▶ WORK TO COMPLETE
Return the lines of the data below starting at the one holding "Bosch WB 542" and ending at the one holding "Prios Artin LED-Deckenlampe, Sensor, rund, 22", word for word, leaving every picture out.

▶ EXERCISE MATERIAL

════════════════

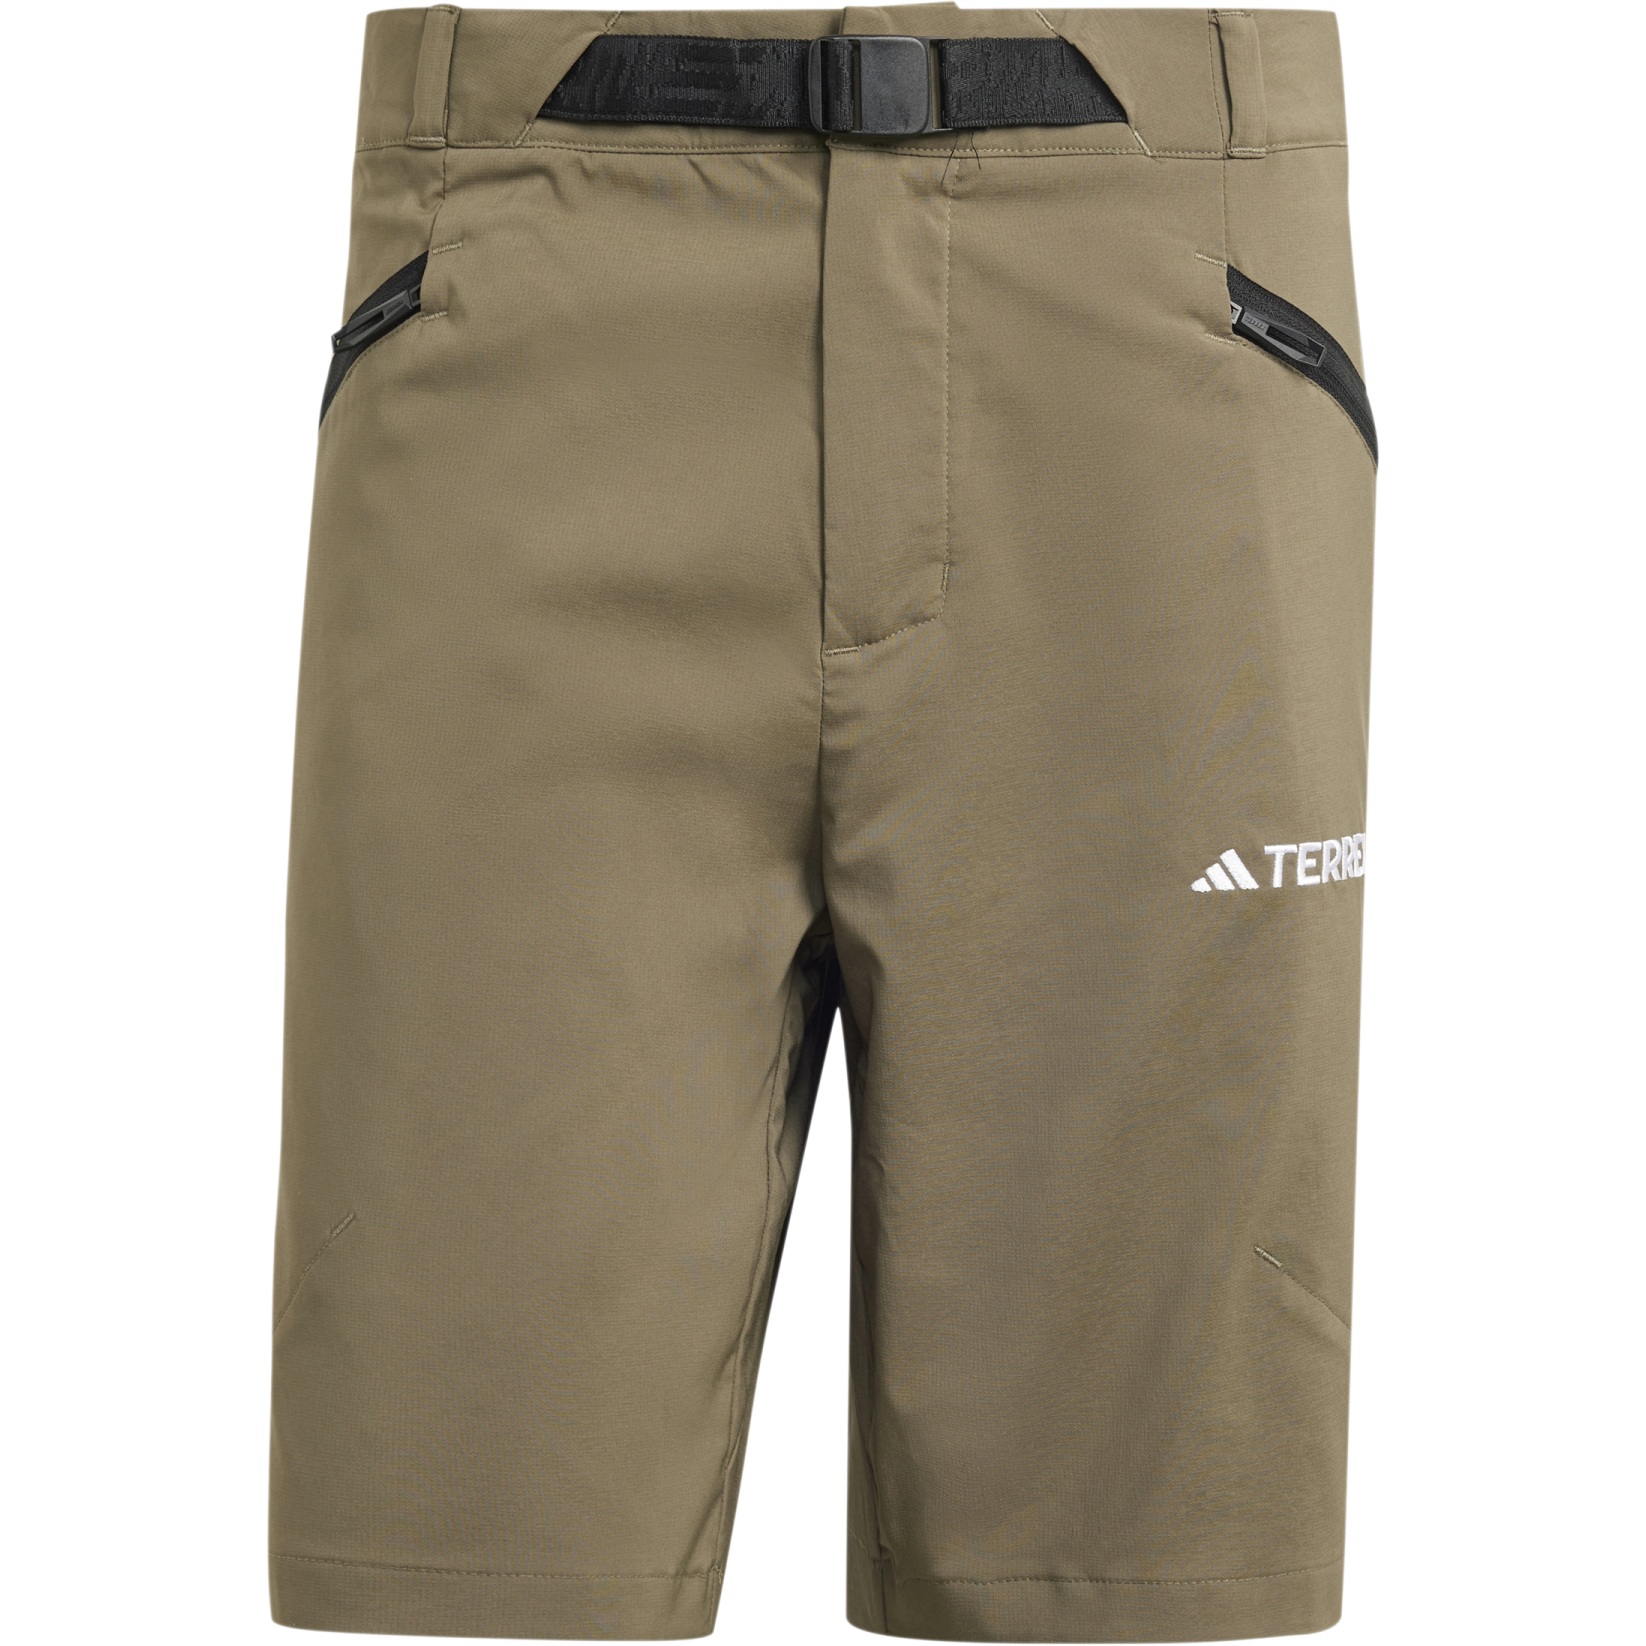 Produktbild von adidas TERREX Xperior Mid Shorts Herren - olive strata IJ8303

════════════════

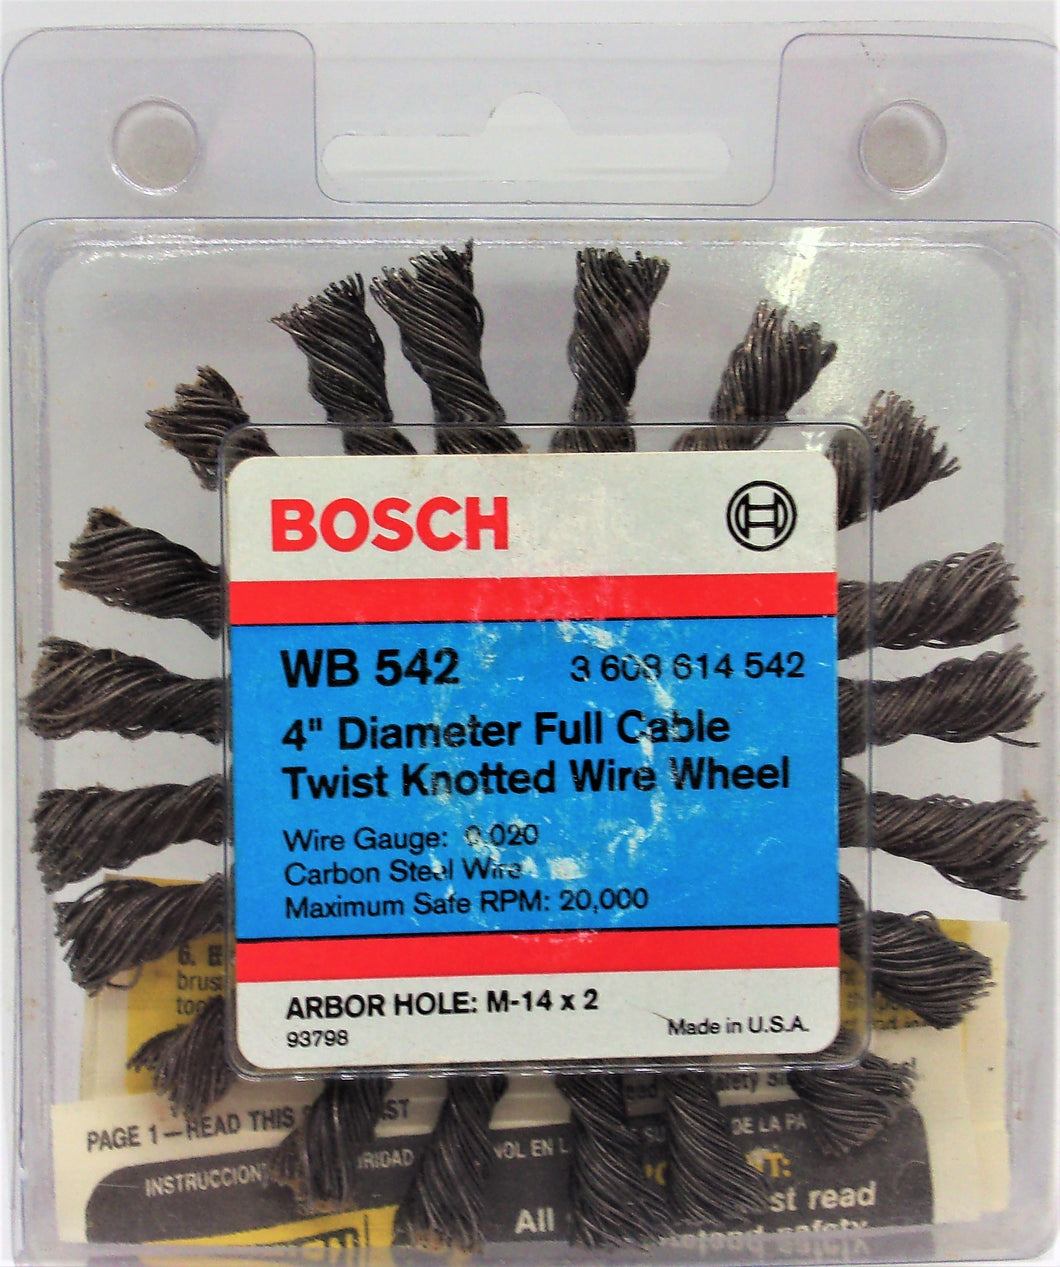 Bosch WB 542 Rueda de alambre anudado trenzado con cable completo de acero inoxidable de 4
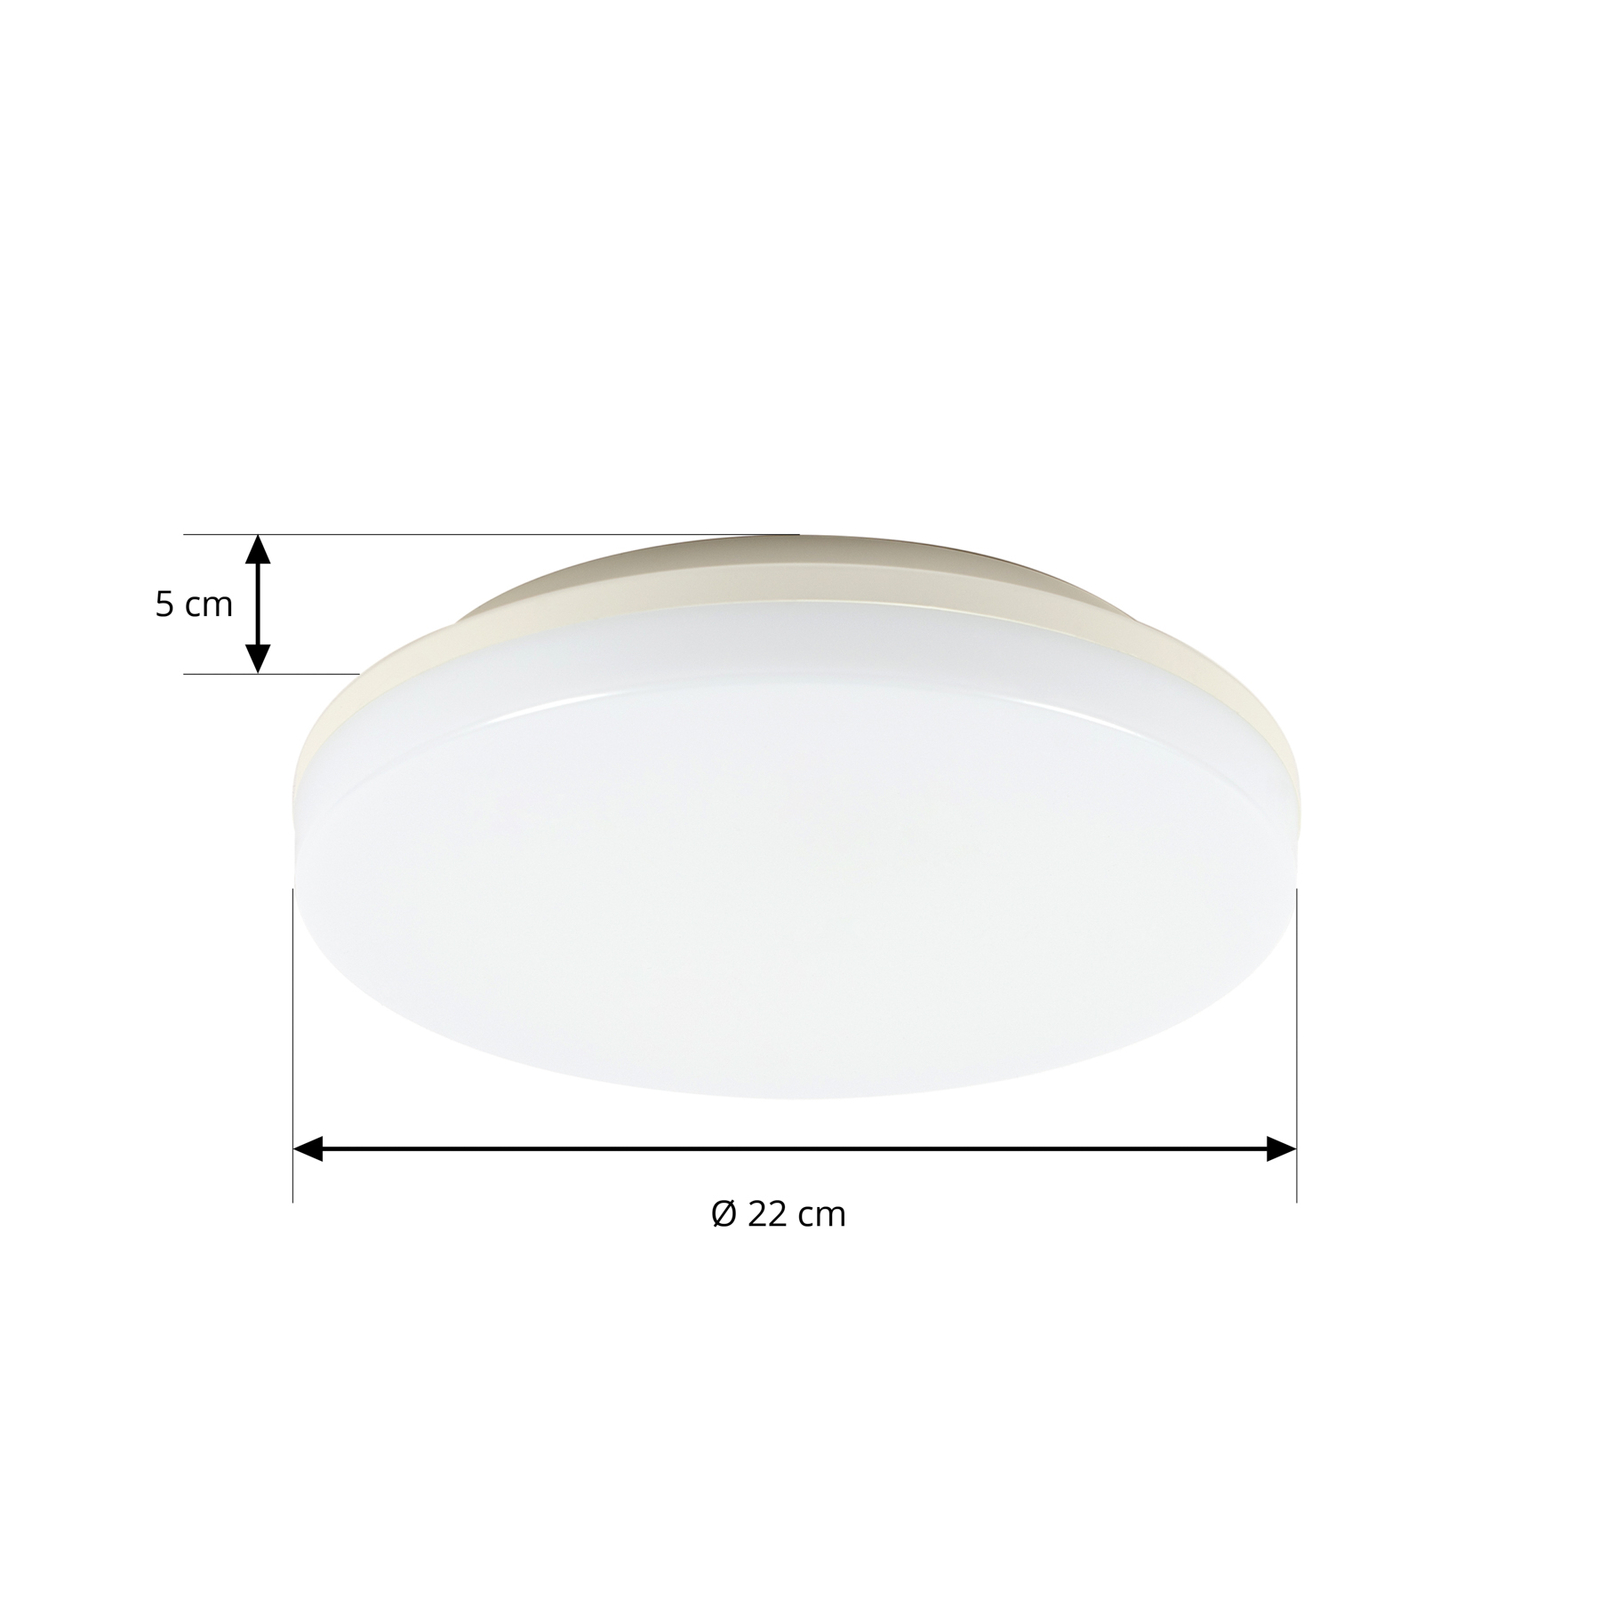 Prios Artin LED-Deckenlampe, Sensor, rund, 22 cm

════════════════

▶ SOLVED EXERCISE
 Bosch WB 542 Rueda de alambre anudado trenzado con cable completo de acero inoxidable de 4
 Prios Artin LED-Deckenlampe, Sensor, rund, 22 cm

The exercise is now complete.